● **WHAT TO DO**
An exact repetition of the data is required; no picture should appear in it.

*** DATA SEGMENT ***

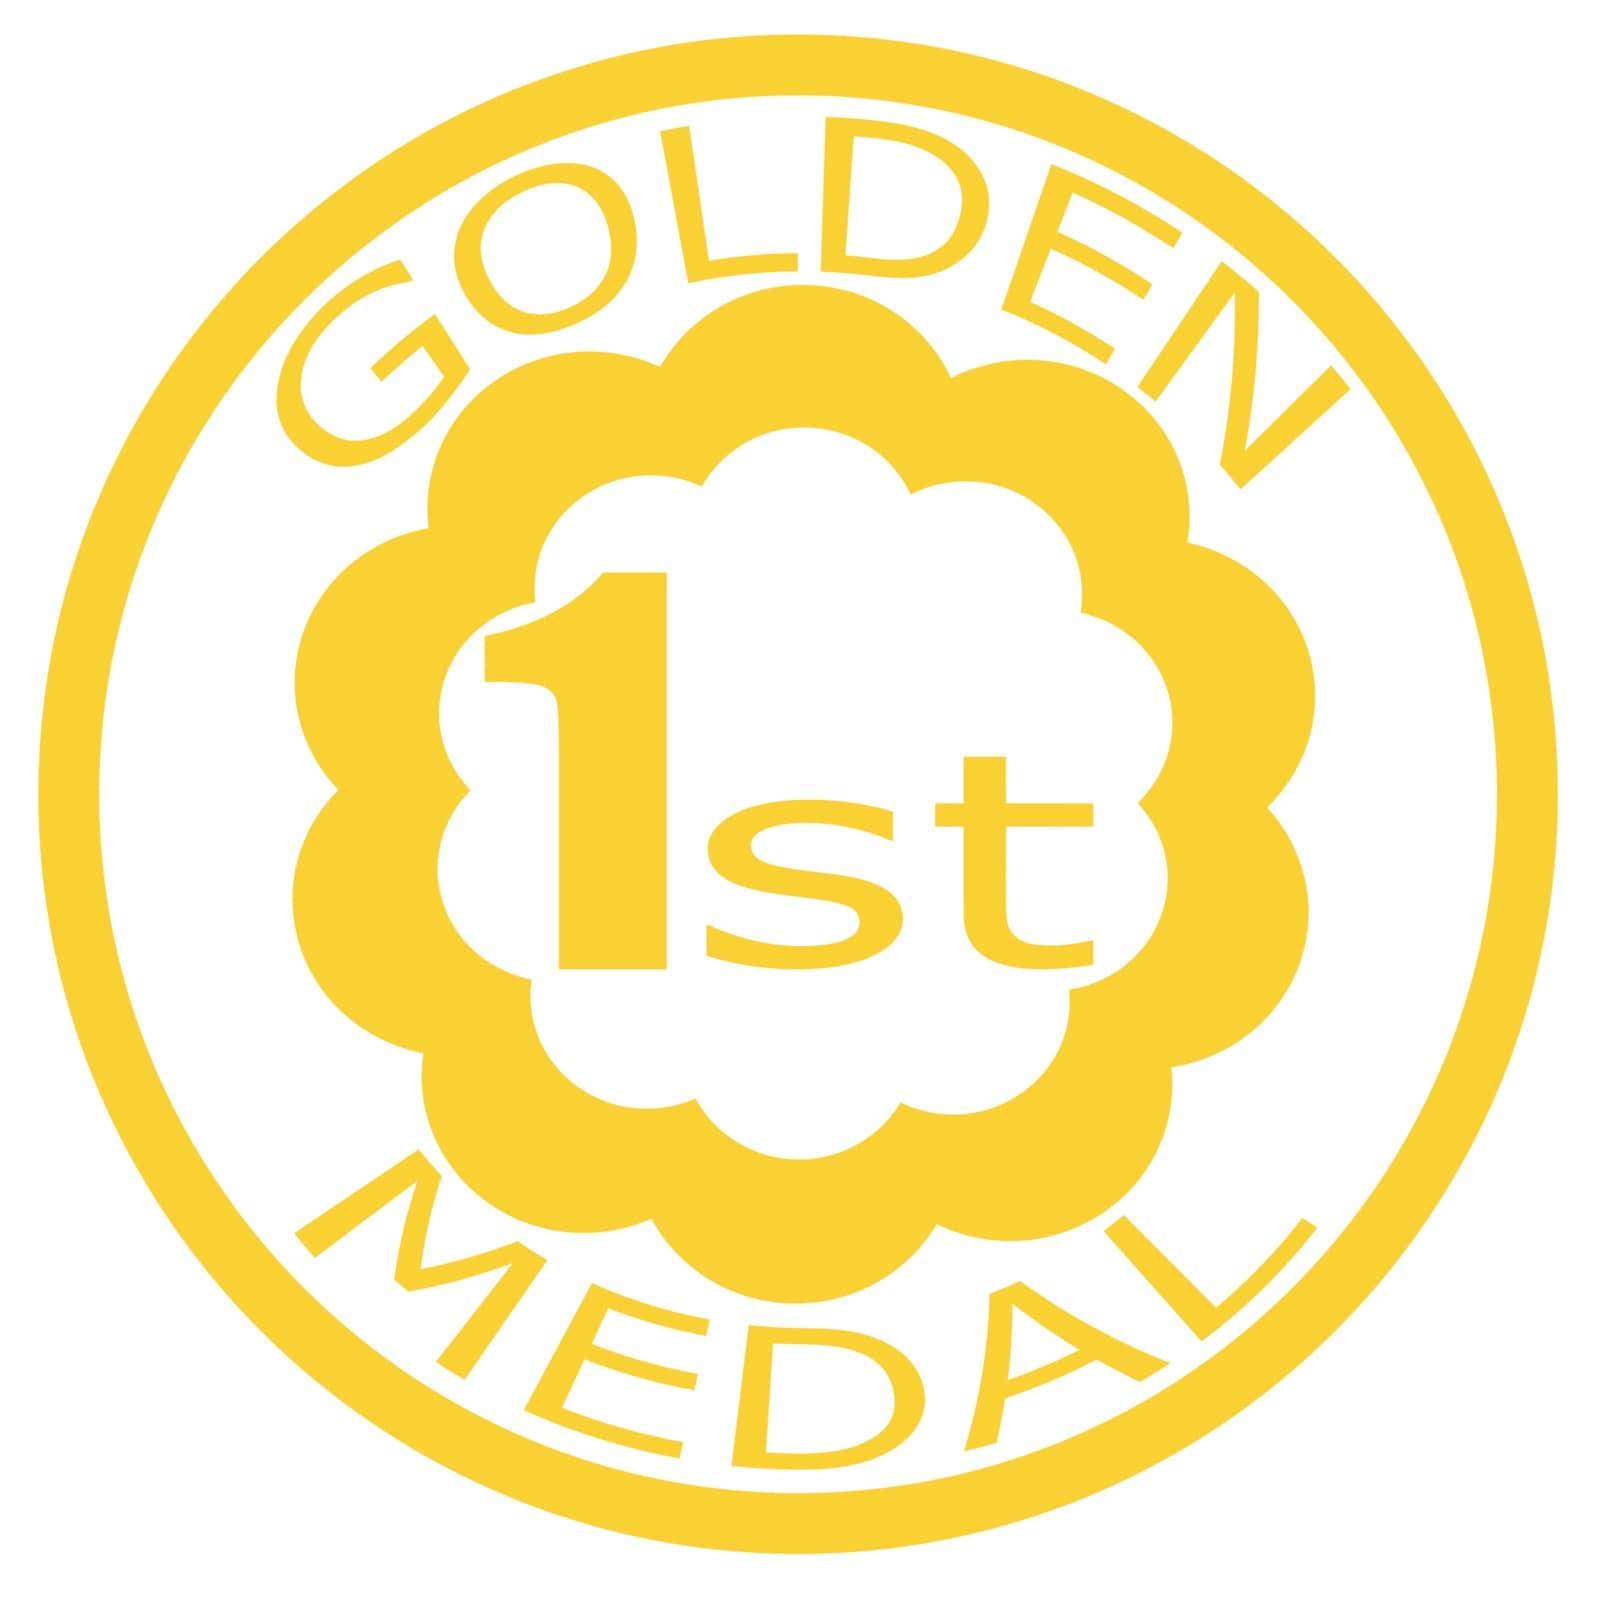 Stamp with text golden medal inside, vector illustration
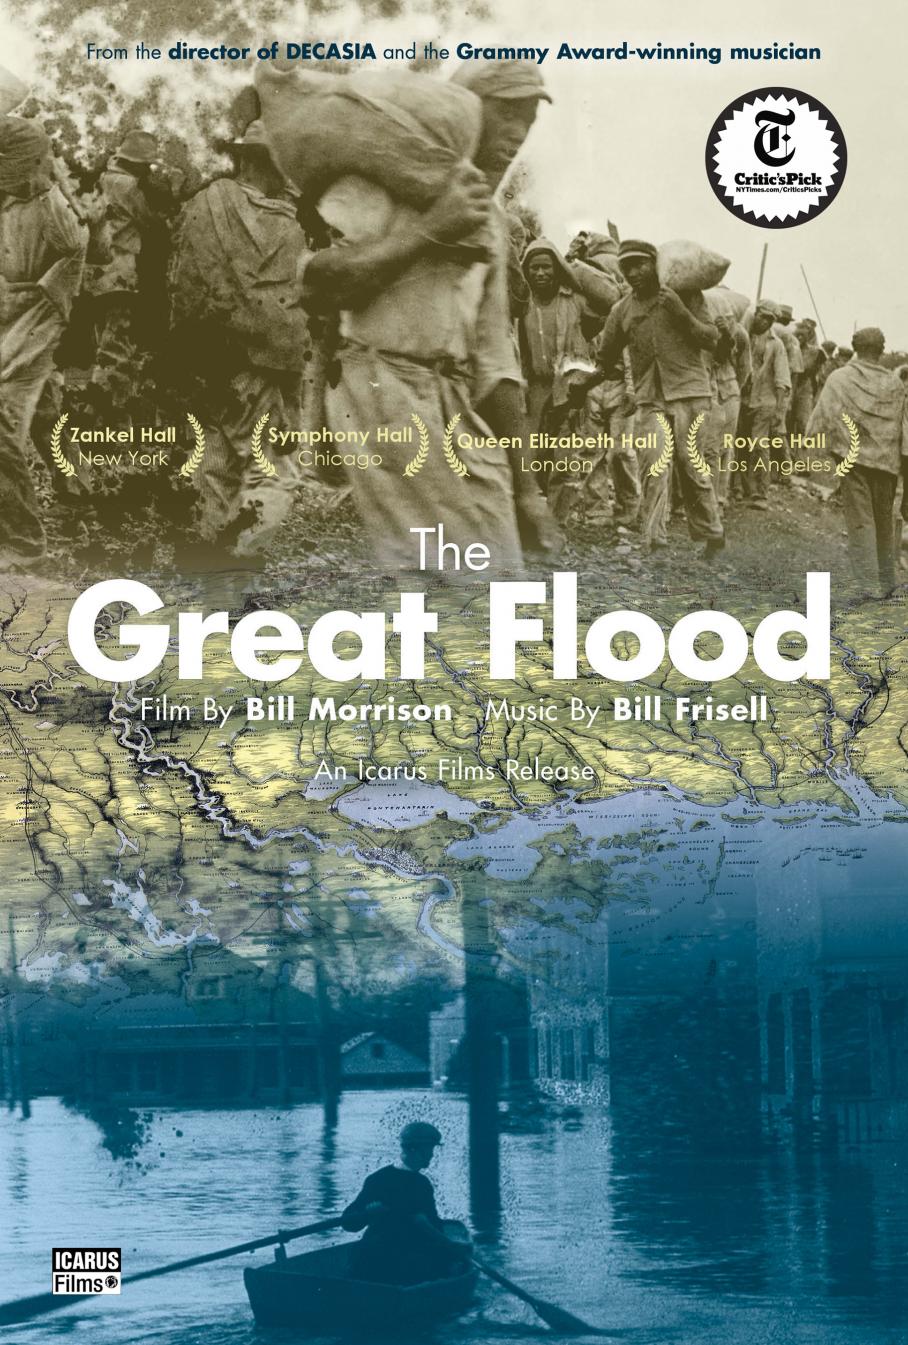 film poster for Bill Morrison's 'The Great Flood'
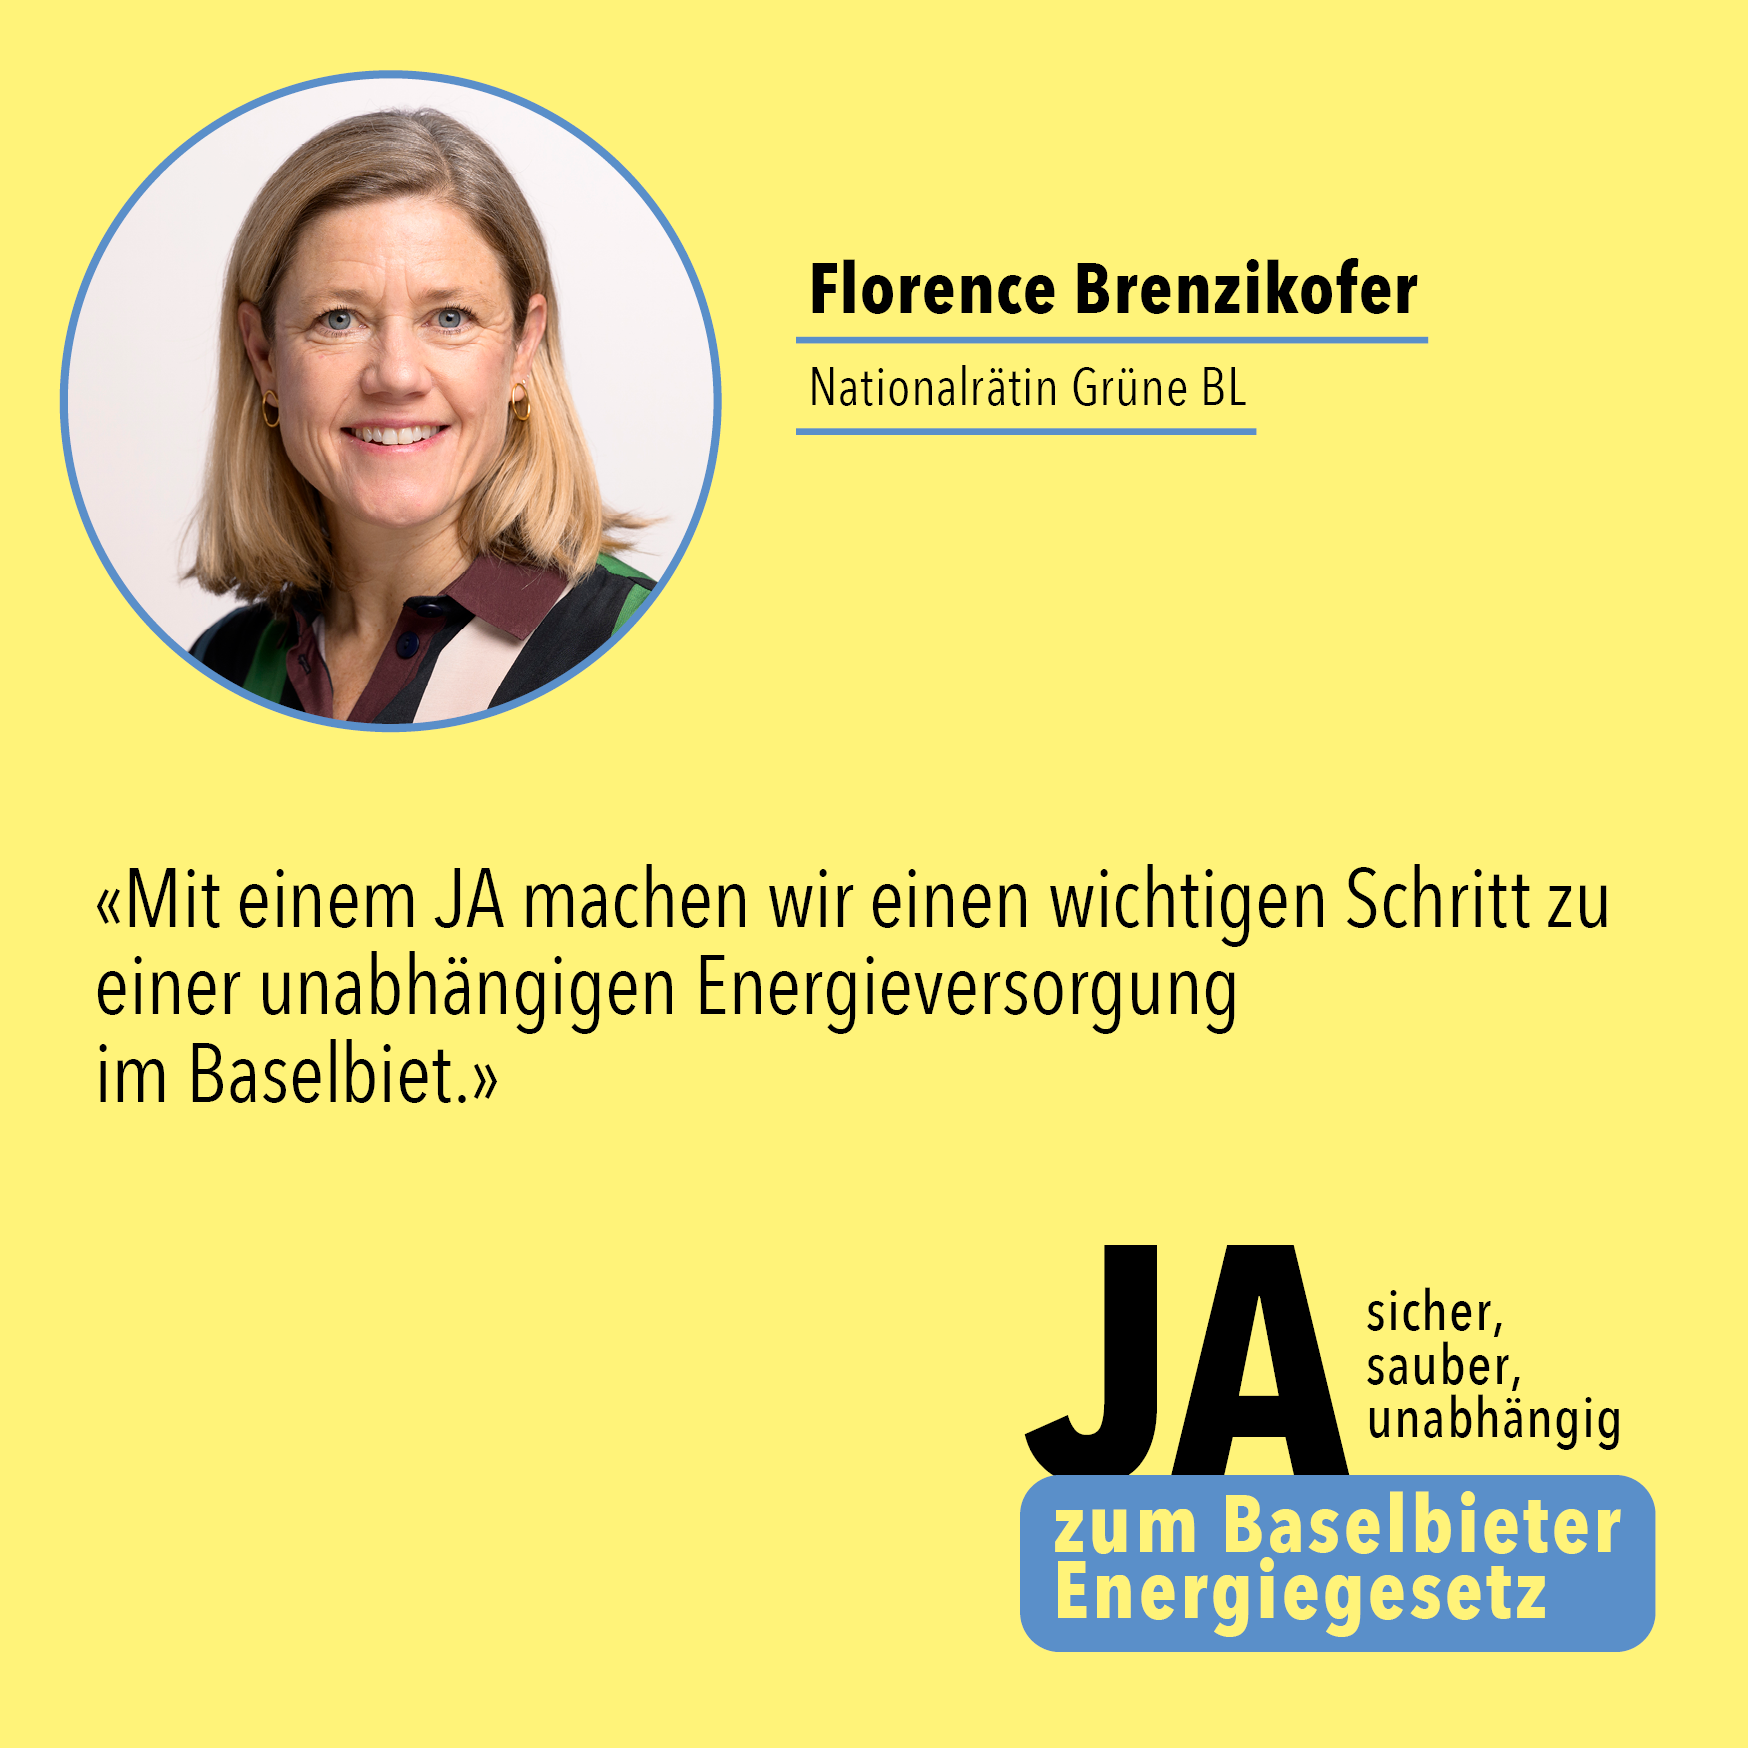 Florence Brenzikofer

*** End of DATA SEGMENT ***

● **TASK RESULT**
 Stamp with text golden medal inside, vector illustration
 film poster for Bill Morrison's 'The Great Flood'
 Florence Brenzikofer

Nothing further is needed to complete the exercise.